Trump Fraud Judge Urged to Allow Campaign Comments at Trial

Updated on
  • Students say Trump wants judge to ‘protect him from himself’
  • Trump seeks bar on statements in tweets, speeches, rallies

Former Trump University students told a judge that they should be allowed to present at a fraud trial statements made by Donald Trump in his presidential campaign.

Trump asked U.S. District Judge Gonzalo Curiel in San Diego last month to keep out of the trial evidence such as his speeches, tweets and statements at rallies and debates, including comments about the case and the judge. Curiel’s Mexican heritage earlier prompted Trump to say that the judge’s negative rulings were retribution for his pledge to build a wall between the U.S. and Mexico.

“Trump wants to rig the deck by hiding from the jury his own words,” lawyers for the students said in court papers Tuesday. “Donald Trump’s dizzying array of objectively false, contradictory, and self-defeating statements have left him so flummoxed he is demanding that the court create a new category of immunity to protect him from himself.’’

Former students from California, Florida and New York accused Trump University of conning them into paying as much as $35,000 for real-estate investment seminars.
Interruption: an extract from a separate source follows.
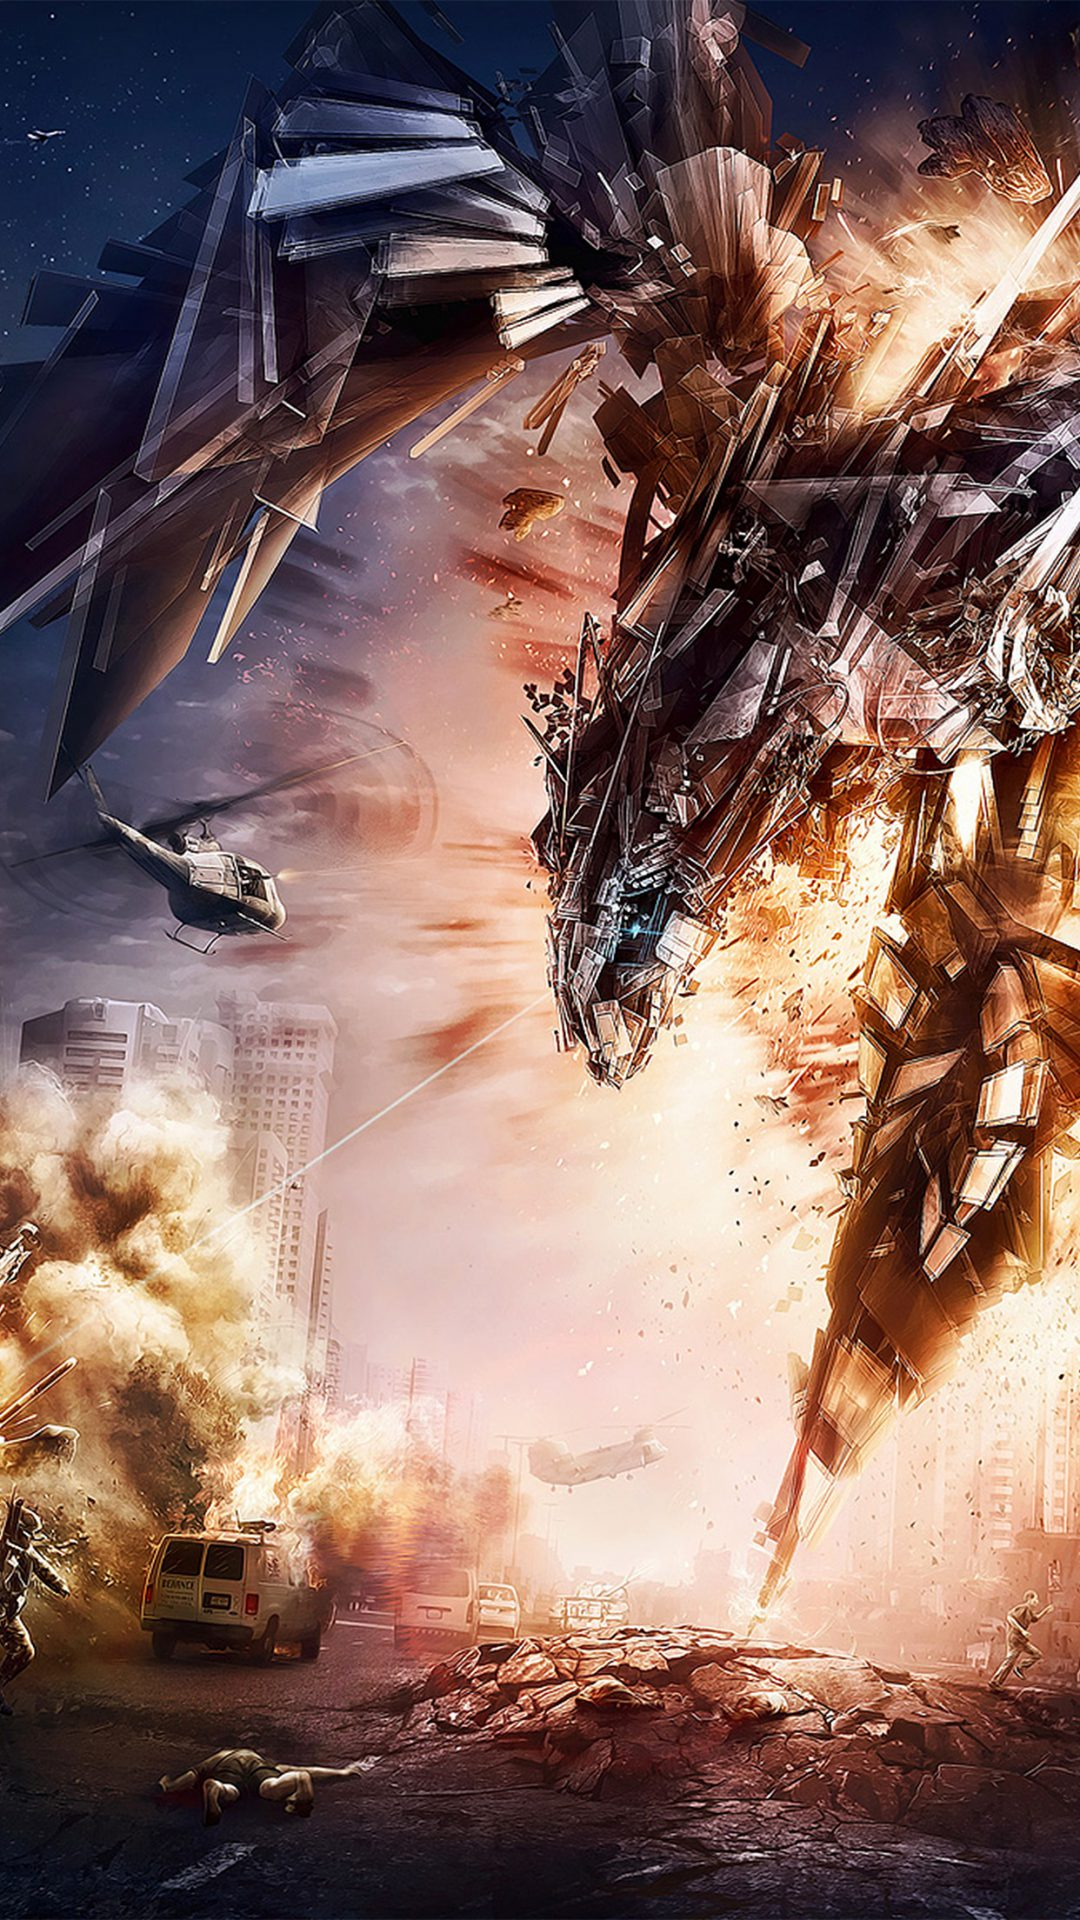 Transformers Artwork Film Illustration

Initial classes turned out to be “infomercials” for additional, more expensive, seminars, according to the complaint. Lawyers for Trump have argued that sales pitches touting “secrets” and “hand-picked instructors” weren’t fraudulent but solely advertising.

Trump said his statements during the Presidential primaries and the general election have no relevance to the university lawsuit.

The students’ lawyers responded that the requested ban on all statements was overly broad.

Trump’s lawyer, Daniel Petrocelli, didn’t respond to phone and e-mail messages seeking comment. A hearing on Trump’s request is set for Nov. 10, two days after the election. 

Ironic, Absurd

Trump’s request is very broad and it isn’t likely the judge will grant it in its entirety, said Christopher Peterson, a law professor at the University of Utah.
“It’s improbable that a federal judge will exclude a defendant’s comments about the case from the case,” Peterson said in a phone interview. “Asking to have those comments excluded strikes me as ironic and absurd.”
The judge may instead, as the trial proceeds, bar the former students from bringing up statements Trump has made that are either irrelevant or prejudicial, Peterson said.

The case is Low v. Trump University LLC, 10-cv-00940, U.S. District Court, Southern District of California (San Diego).